Work task: Set down exactly the lines below between the line holding "Закон и люди, газета. 2011 №5 стр.10" and the line holding "عکس کارتونی ابر", inclusive; no other line belongs in the answer.

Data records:

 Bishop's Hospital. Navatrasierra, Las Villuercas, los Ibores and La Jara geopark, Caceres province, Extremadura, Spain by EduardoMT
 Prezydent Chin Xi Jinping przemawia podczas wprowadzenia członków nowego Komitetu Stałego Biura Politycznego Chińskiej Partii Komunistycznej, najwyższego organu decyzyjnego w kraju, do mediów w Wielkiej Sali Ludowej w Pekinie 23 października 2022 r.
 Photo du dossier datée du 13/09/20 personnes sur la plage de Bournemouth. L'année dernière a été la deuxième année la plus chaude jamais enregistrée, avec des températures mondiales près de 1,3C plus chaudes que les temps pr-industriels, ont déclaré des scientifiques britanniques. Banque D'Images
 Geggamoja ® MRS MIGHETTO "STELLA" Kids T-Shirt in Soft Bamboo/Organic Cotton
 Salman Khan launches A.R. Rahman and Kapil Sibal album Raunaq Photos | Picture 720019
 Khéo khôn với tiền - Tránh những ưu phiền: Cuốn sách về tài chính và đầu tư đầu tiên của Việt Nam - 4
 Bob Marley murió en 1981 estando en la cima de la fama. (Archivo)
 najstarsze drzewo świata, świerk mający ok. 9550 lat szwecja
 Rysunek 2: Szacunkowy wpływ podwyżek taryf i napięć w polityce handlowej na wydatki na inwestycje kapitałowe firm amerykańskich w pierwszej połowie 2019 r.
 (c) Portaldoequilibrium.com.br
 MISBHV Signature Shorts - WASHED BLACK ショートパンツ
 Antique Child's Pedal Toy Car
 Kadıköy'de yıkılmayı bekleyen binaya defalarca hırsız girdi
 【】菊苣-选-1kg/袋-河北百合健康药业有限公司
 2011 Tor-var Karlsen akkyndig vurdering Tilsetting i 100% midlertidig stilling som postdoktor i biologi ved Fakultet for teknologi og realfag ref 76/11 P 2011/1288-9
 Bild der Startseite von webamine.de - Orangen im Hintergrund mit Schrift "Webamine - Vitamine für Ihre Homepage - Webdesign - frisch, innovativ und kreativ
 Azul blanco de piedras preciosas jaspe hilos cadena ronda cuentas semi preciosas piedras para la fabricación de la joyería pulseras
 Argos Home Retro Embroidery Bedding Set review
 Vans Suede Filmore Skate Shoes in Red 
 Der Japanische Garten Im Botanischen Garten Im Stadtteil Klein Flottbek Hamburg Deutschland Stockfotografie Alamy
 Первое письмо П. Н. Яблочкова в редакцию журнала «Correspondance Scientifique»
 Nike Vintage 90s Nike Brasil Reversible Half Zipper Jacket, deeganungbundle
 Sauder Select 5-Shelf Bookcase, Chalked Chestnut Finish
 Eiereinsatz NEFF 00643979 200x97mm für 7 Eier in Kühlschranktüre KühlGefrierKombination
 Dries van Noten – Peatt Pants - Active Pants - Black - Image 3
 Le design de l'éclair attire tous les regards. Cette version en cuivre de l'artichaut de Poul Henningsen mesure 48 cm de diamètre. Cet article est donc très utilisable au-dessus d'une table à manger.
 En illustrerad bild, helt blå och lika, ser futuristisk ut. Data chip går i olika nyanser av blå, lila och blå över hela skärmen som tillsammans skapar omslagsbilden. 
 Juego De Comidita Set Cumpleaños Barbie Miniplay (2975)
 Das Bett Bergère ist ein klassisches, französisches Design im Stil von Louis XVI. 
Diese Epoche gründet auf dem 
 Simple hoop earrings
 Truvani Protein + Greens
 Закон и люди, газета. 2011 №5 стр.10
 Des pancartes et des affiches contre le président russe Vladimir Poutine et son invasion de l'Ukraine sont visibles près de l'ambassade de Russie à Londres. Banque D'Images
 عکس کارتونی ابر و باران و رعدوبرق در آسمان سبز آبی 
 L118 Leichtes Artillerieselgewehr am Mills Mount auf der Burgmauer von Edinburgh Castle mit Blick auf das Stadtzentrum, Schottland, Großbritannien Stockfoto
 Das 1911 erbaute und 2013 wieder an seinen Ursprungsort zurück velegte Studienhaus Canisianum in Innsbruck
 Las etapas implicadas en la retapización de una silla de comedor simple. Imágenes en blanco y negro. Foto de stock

Result of this task:
 Закон и люди, газета. 2011 №5 стр.10
 Des pancartes et des affiches contre le président russe Vladimir Poutine et son invasion de l'Ukraine sont visibles près de l'ambassade de Russie à Londres. Banque D'Images
 عکس کارتونی ابر و باران و رعدوبرق در آسمان سبز آبی 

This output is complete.